* **WHAT IS REQUIRED**:
Would you repeat the listing exactly, without any of its images?

* **DATA**:
####
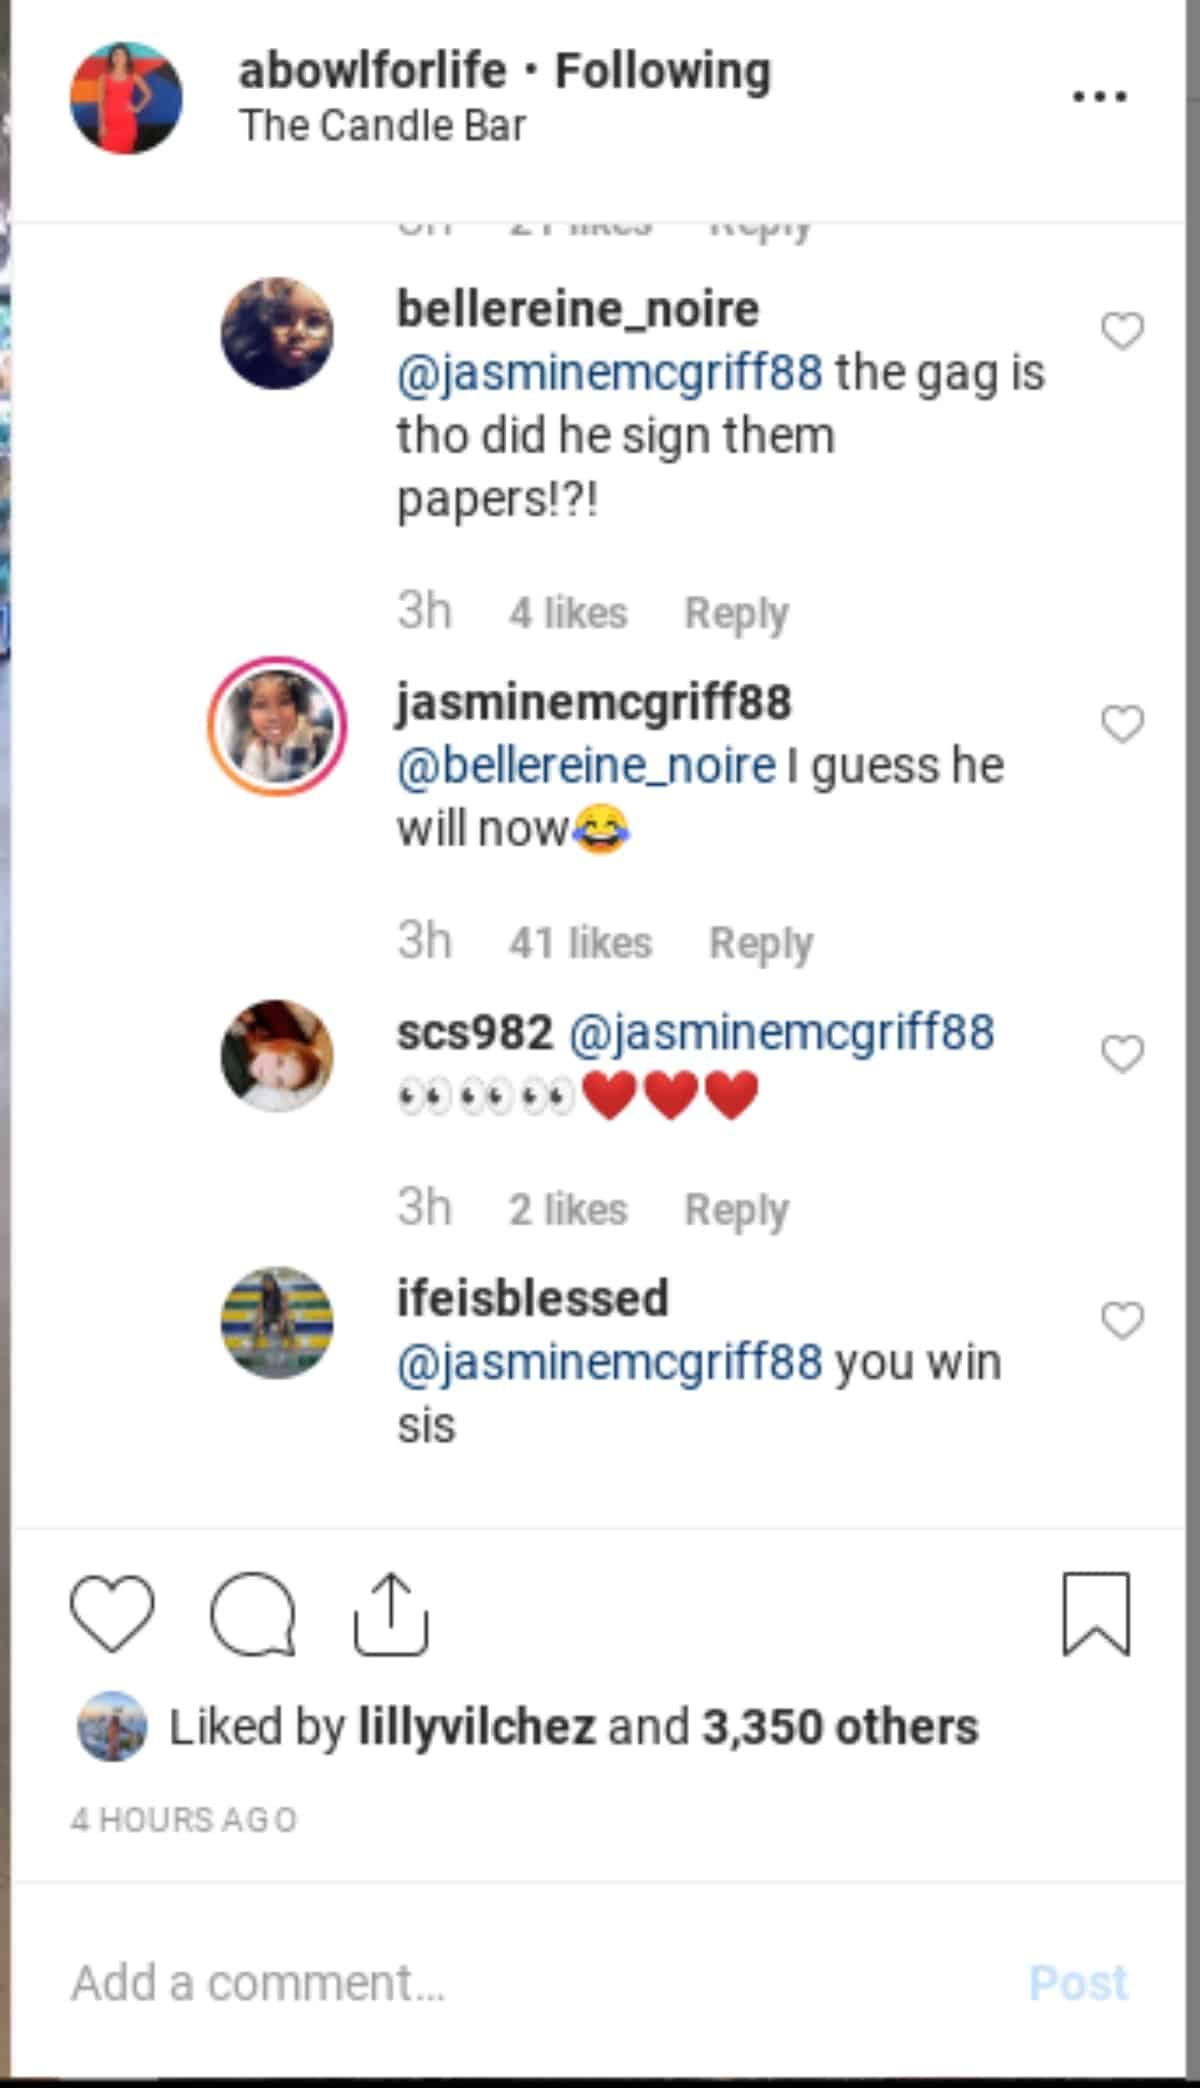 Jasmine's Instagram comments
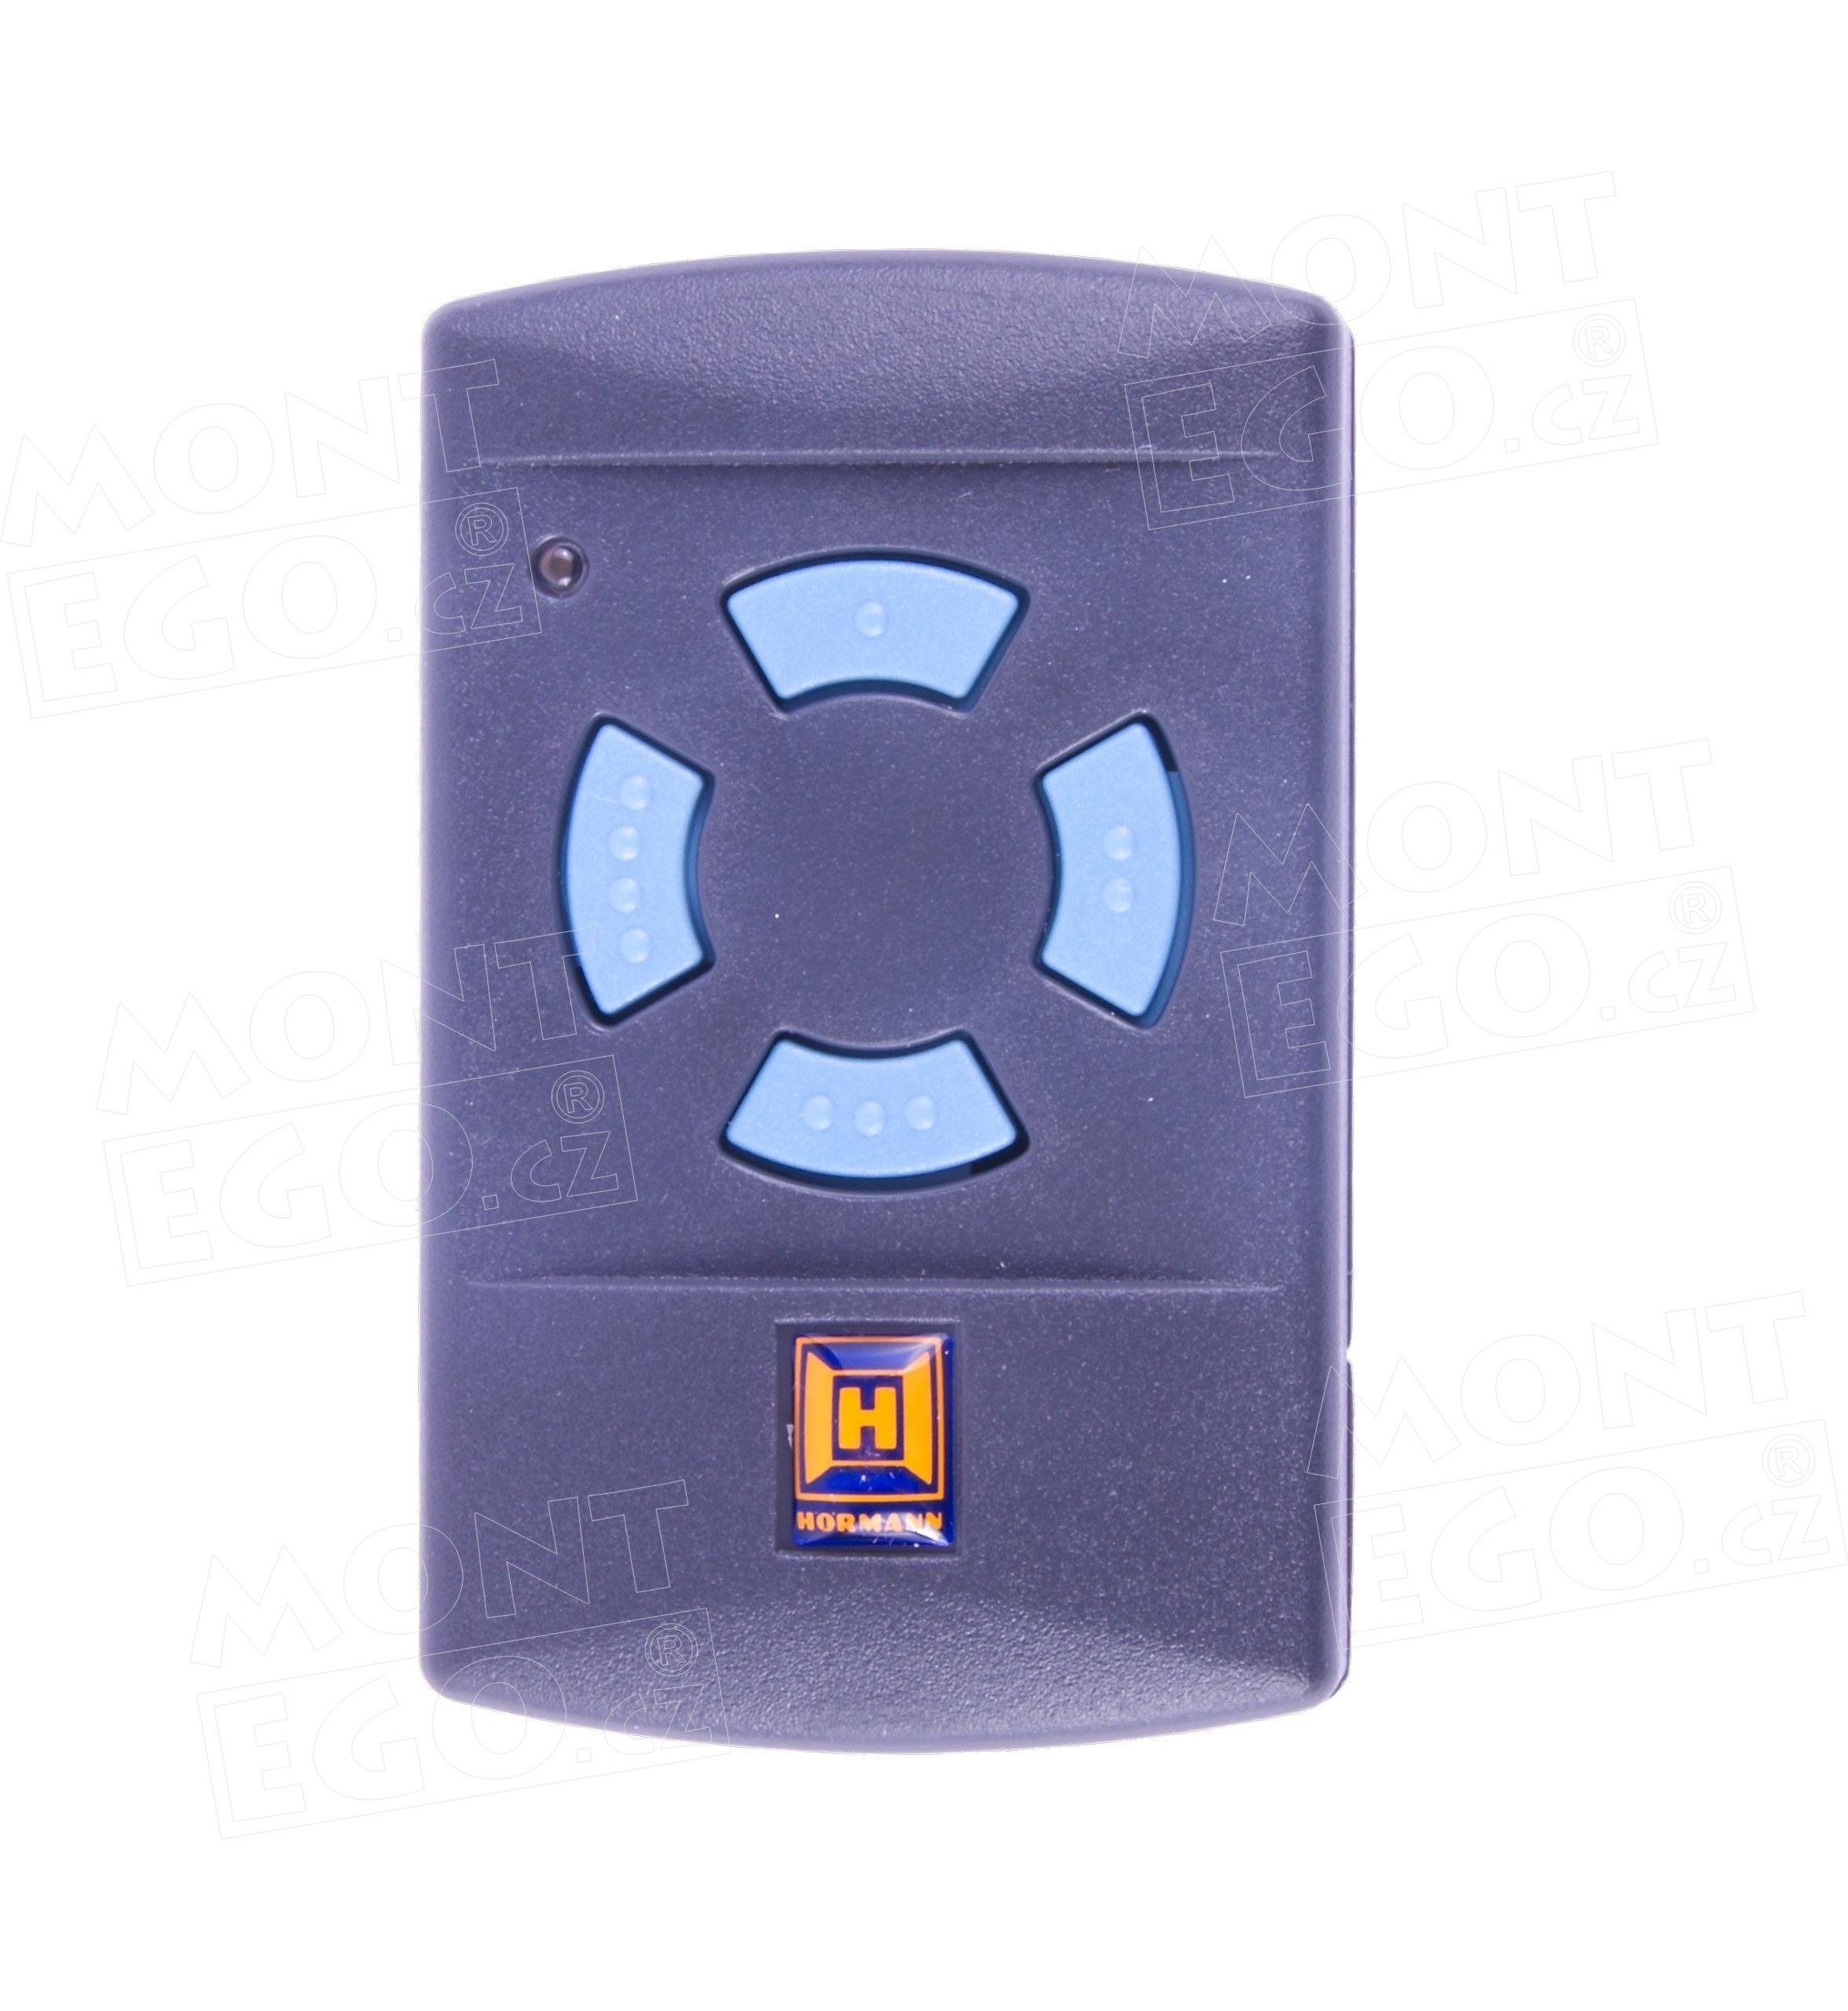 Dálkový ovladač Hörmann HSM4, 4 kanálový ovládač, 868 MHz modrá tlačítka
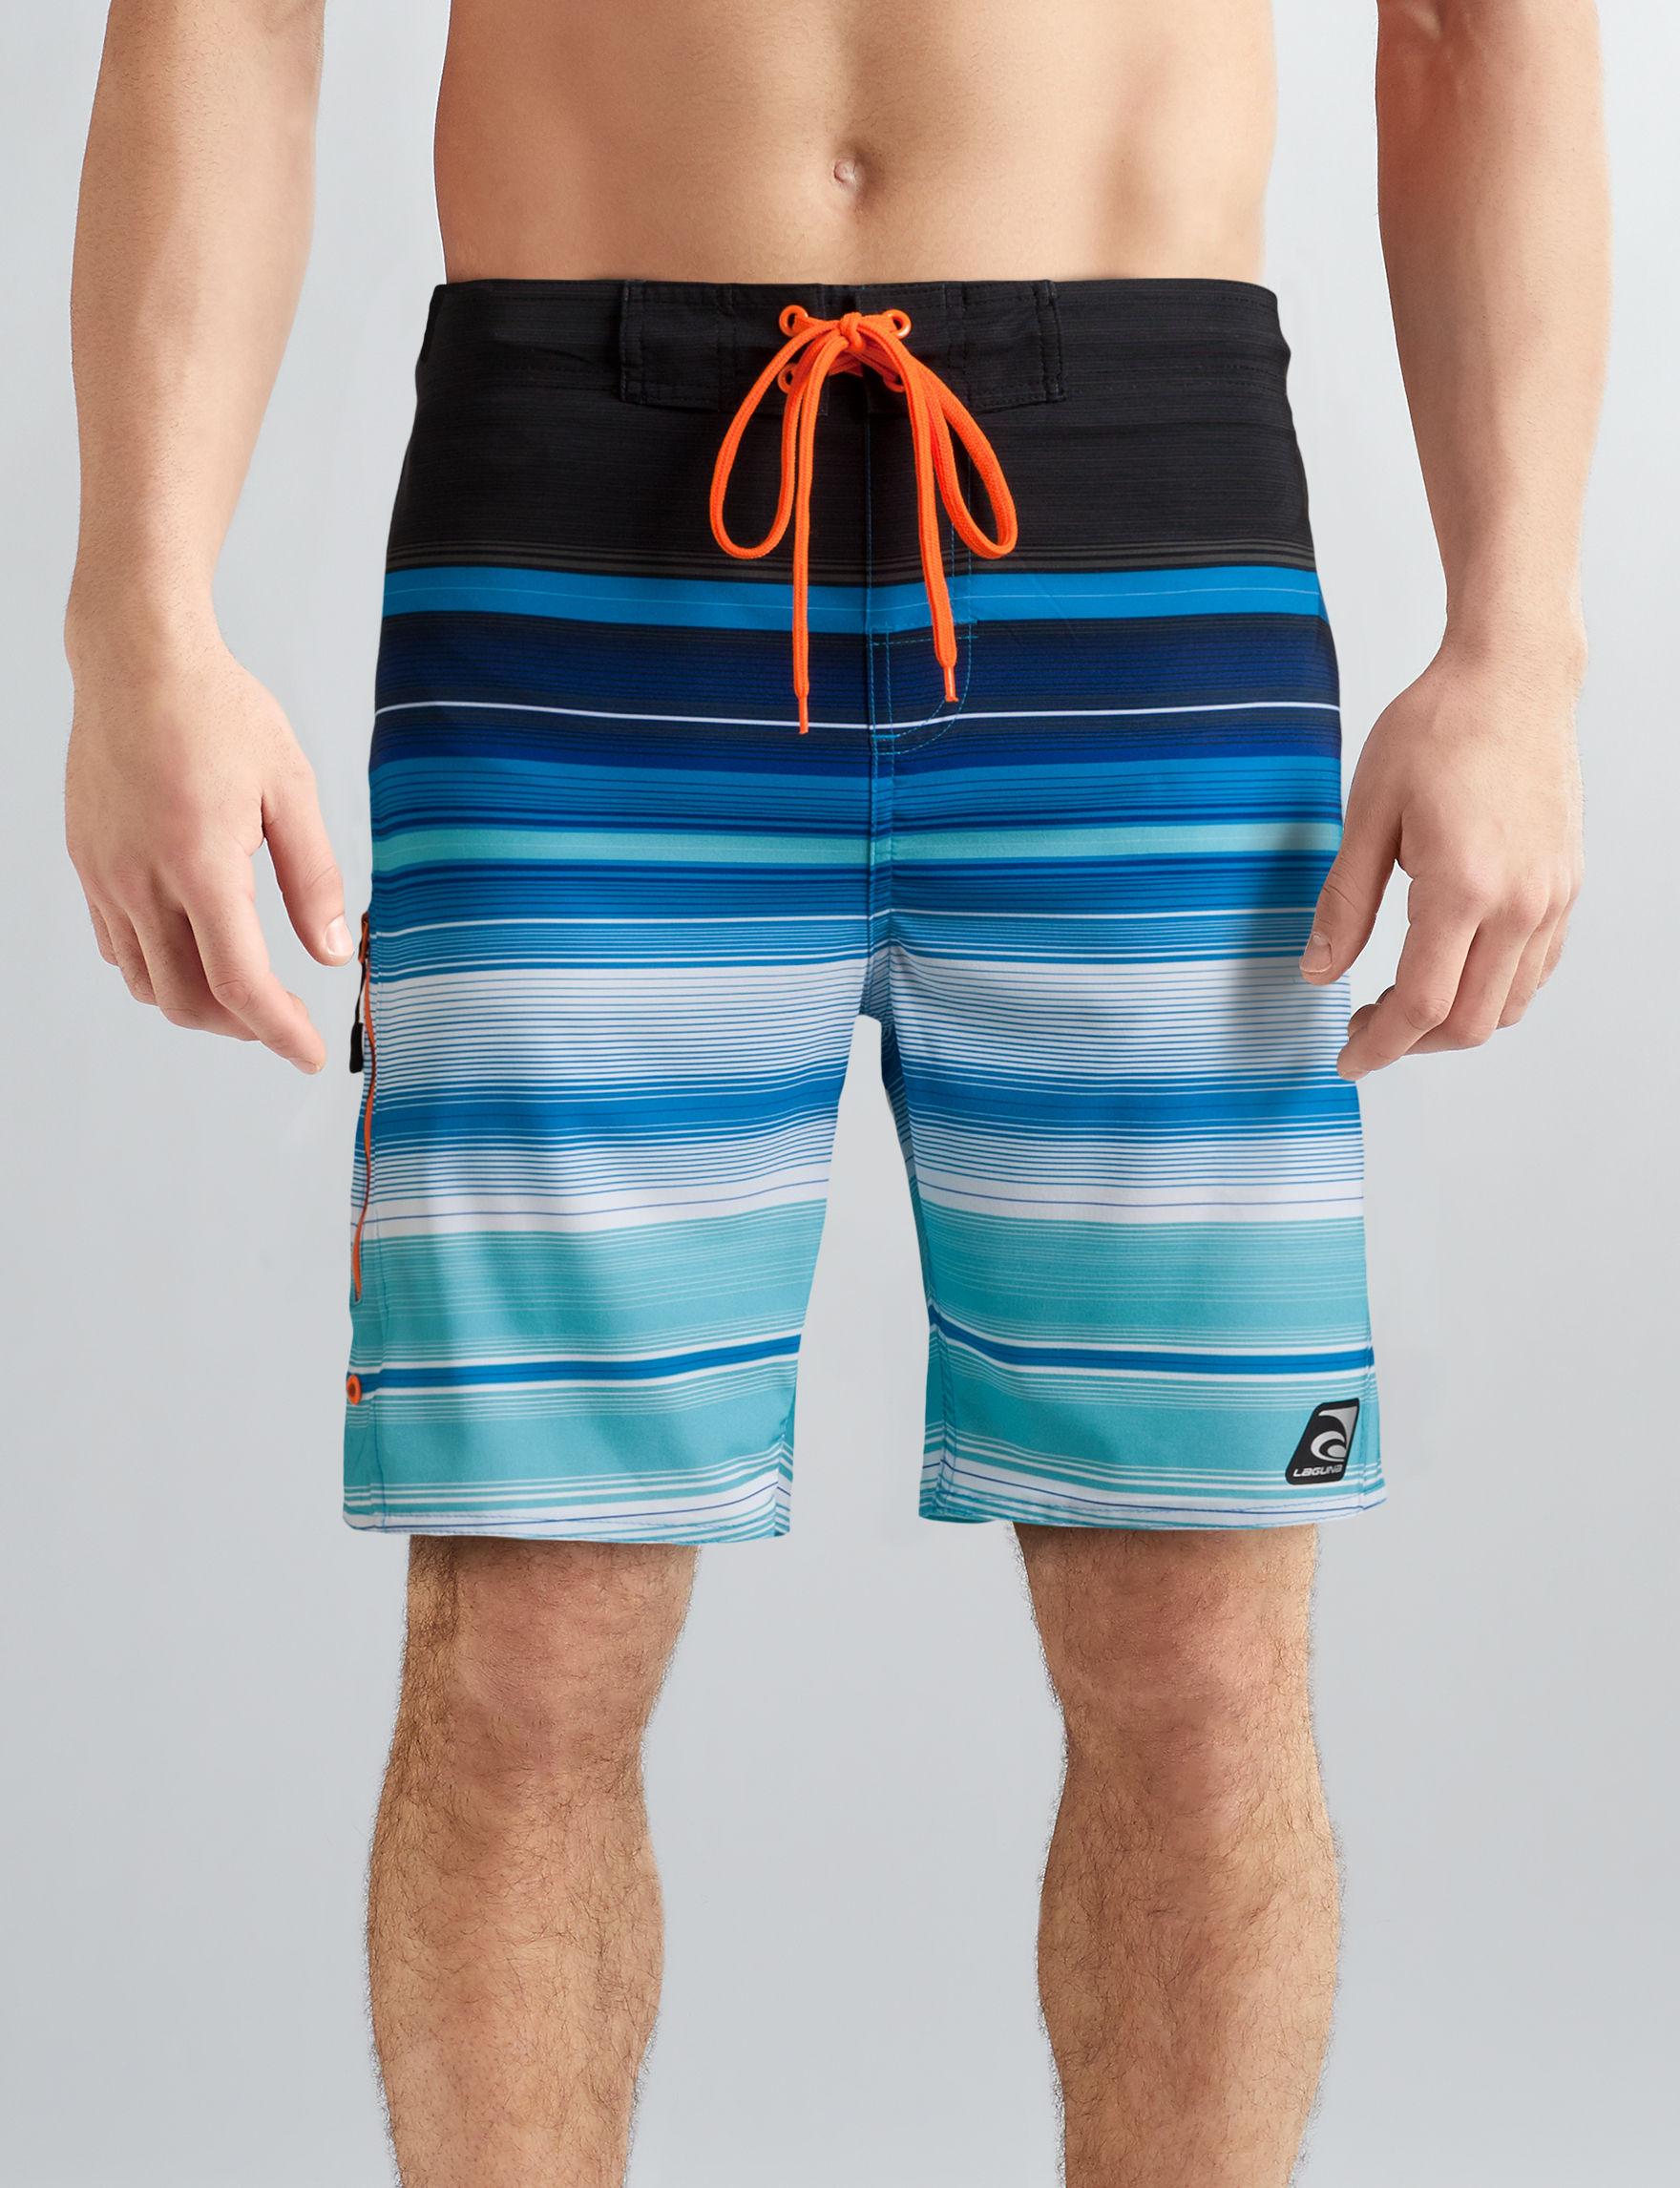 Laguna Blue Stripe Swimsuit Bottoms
####
* **EXERCISE ANSWER**:
 Jasmine's Instagram comments
 Dálkový ovladač Hörmann HSM4, 4 kanálový ovládač, 868 MHz modrá tlačítka
 Laguna Blue Stripe Swimsuit Bottoms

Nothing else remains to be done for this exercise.